# Ann Arbor MI, RPGs and board game group



## brehobit (Jul 14, 2011)

We're a group of gamers, aged 16-40 who have been playing together in
one form or another for about 5 years.  We're losing two people due to
moves (Colorado and Ohio) and may be losing a third (the 16-year-old
can't yet drive and his brother is the one that moved to Ohio).

We historically play both RPGs and board games and meet once a week on a weekday
(the day is generally negotiable but we stick with the same day for months until
something changes) from 6pm to 10pm.   We're currently all male and mostly have been but
we have a few spouses that show up on occasion and had one regular female player
until she moved out of state. We are largely working professionals.

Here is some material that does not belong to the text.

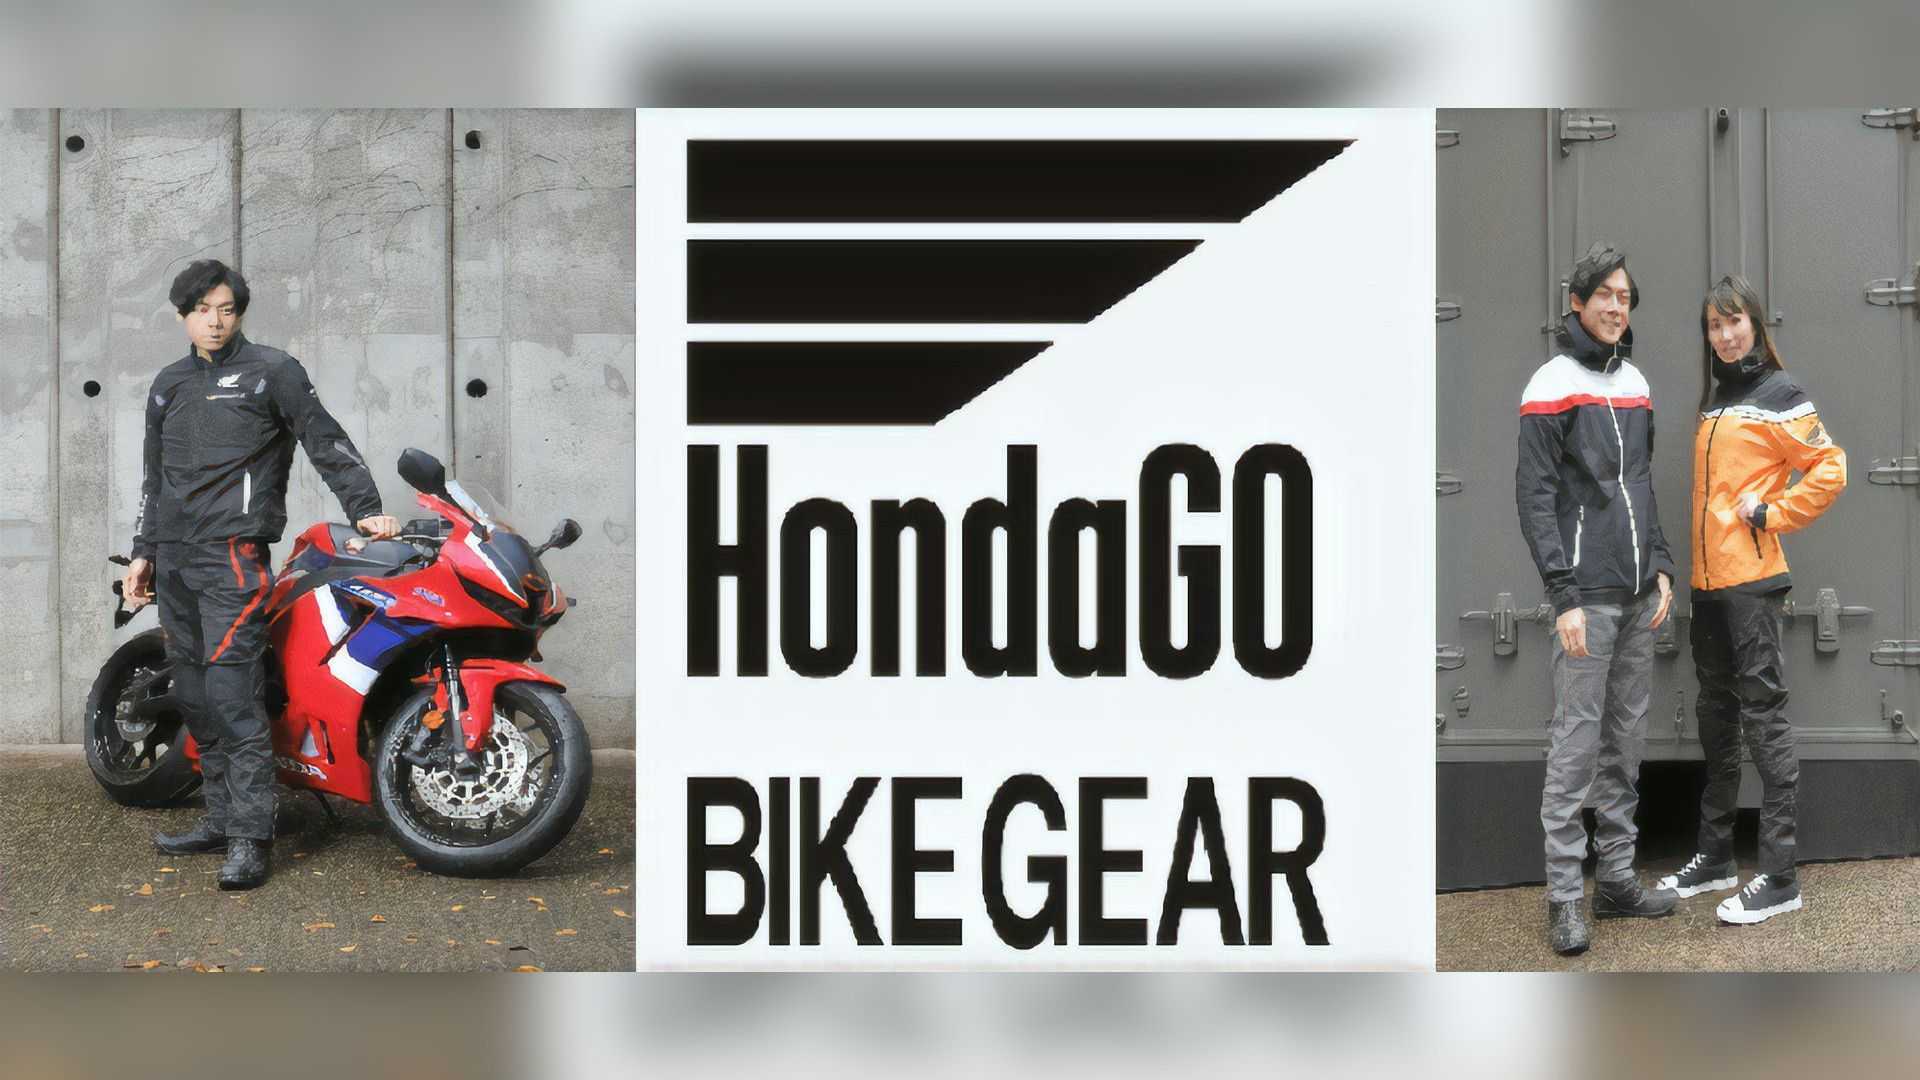 HondaGO Bike Gear

RPGs have been largely D&D (mostly 4.0 in the last couple of years,
3.5 before that), but we've also Gamma World, Deadlands, and a few rules-light RPGs.

We play a wide range of board games (Between all of us we probably
have 100 games) with games like Galaxy Trucker, Dominion, and other, mostly
Euro, games being the most common.

Games have been almost entirely at my house, but that's negotiable.  The house
smoke free, but there are kids and cats.


----------



## elfstone (Jul 22, 2011)

*AD&D 2e*

I'm intrested  however i was windering if you guys ever play 2e AD&D.  also in a few months i will be looking for a table tob group to play test a 1 session game for conventions.  i've tested it a few time online and it worked out


----------



## brehobit (Jul 22, 2011)

We're actually full-up again (maybe too full up, I wanted 1 or 2 and we have at least 1 and maybe 3...)

We've not played 2e ever (well not as a group, many of us have played 2e), but I'm sure people would be up for it!  Let me know when you want to run and we might be able to make it fit!


----------